51-Jähriger uriniert im Gleisbereich des S-Bahnhofs Blankenese – Bundespolizei warnt vor Lebensgefahr

(Symbolbild)

Ein 51-jähriger Mann hat sich am Mittwoch, 26. Juni, gegen 09:57 Uhr im Gleisbereich des S-Bahnhofs Blankenese aufgehalten und dort uriniert. Während der S-Bahnbetrieb regulär lief, hätte jederzeit ein Zug auf den betroffenen Gleisen verkehren können – eine lebensgefährliche Situation.

Ein aufmerksamer Fahrdienstleiter des Bahnhofs bemerkte den 51-Jährigen, wie dieser im Gleisbereich herumlief und urinierte, bevor er den Bereich wieder verließ. Der 45-jährige Fahrdienstleiter erkannte sofort die Gefahrenlage und alarmierte die Polizei. Eine anschließende Videosichtung bestätigte den Gleisaufenthalt.

Bundespolizisten konnten den Mann in unmittelbarer Nähe zum S-Bahnhof Blankenese antreffen und befragten ihn.

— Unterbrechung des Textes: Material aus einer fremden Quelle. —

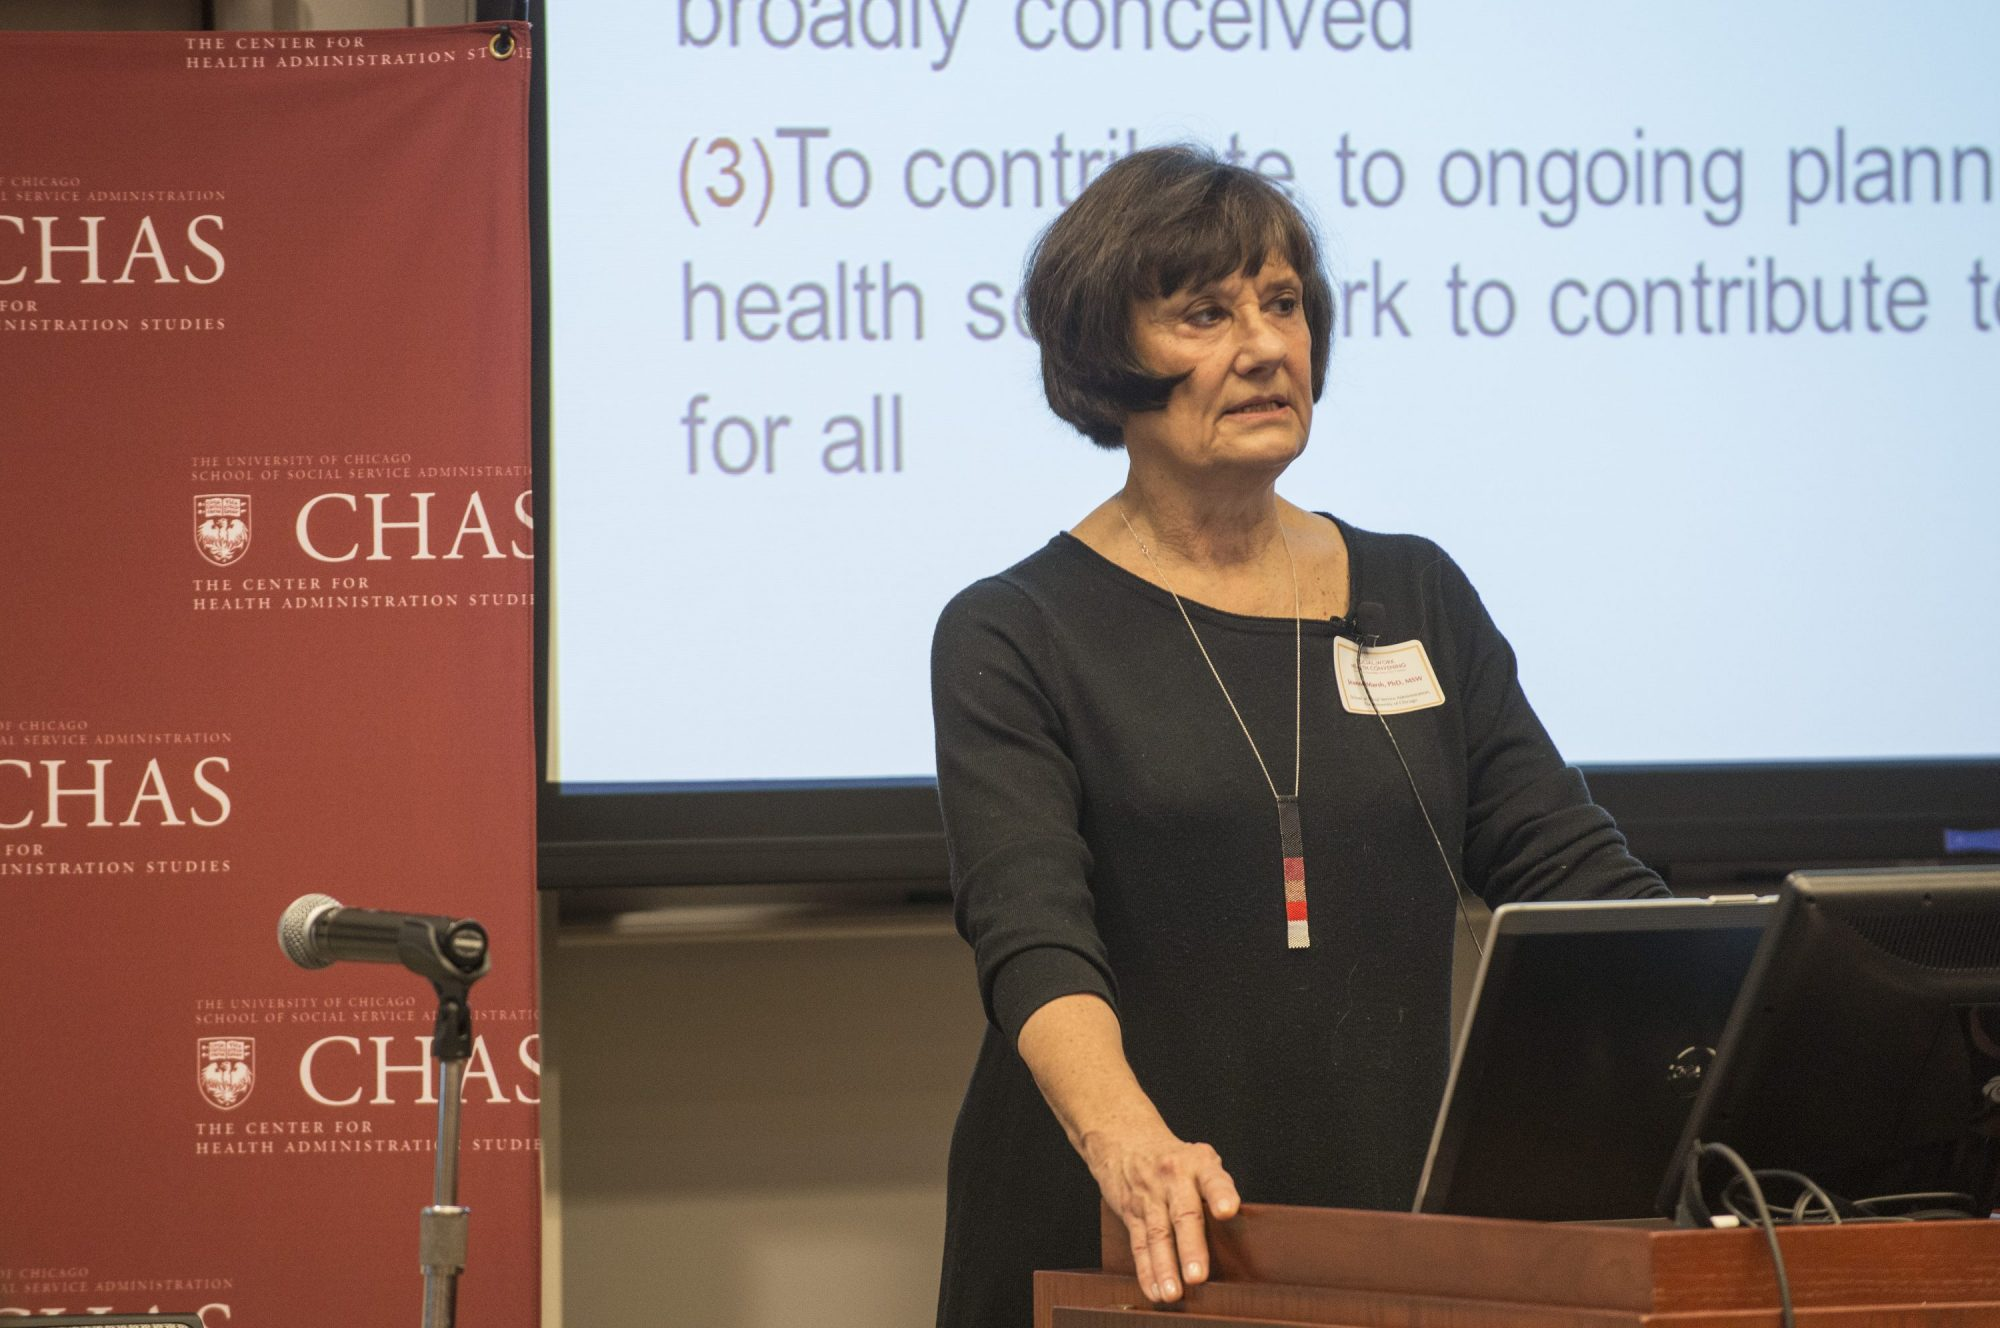 2017 Social Work & Health Convening

Bei einem Präventionsgespräch über die Gefahren im Gleisbereich zeigte sich der deutsche Staatsangehörige uneinsichtig und gab an, sich gezielt zum Urinieren in den Gleisbereich begeben zu haben. Der Mann war nicht alkoholisiert.

Nach Abschluss der polizeilichen Maßnahmen wurde der 51-Jährige entlassen. Die Bundespolizei eröffnete gegen ihn ein Ordnungswidrigkeitenverfahren wegen des Verdachts des unerlaubten Gleisaufenthalts.

Die Hamburger Bundespolizei nutzt den Vorfall für eine erneute Warnung: Der Aufenthalt im Gleisbereich ist lebensgefährlich und verboten. Triebfahrzeugführer können nicht ausweichen, und die Bremswege sind oft zu lang, um Personen im Gleisbereich noch zu erfassen. Besonders kritisch: Der Mann hielt sich auch direkt an den Stromschienen im S-Bahnbereich auf, die 1.200 Volt Gleichstrom führen. Eine Berührung ist lebensgefährlich und kann zum sofortigen Tod führen.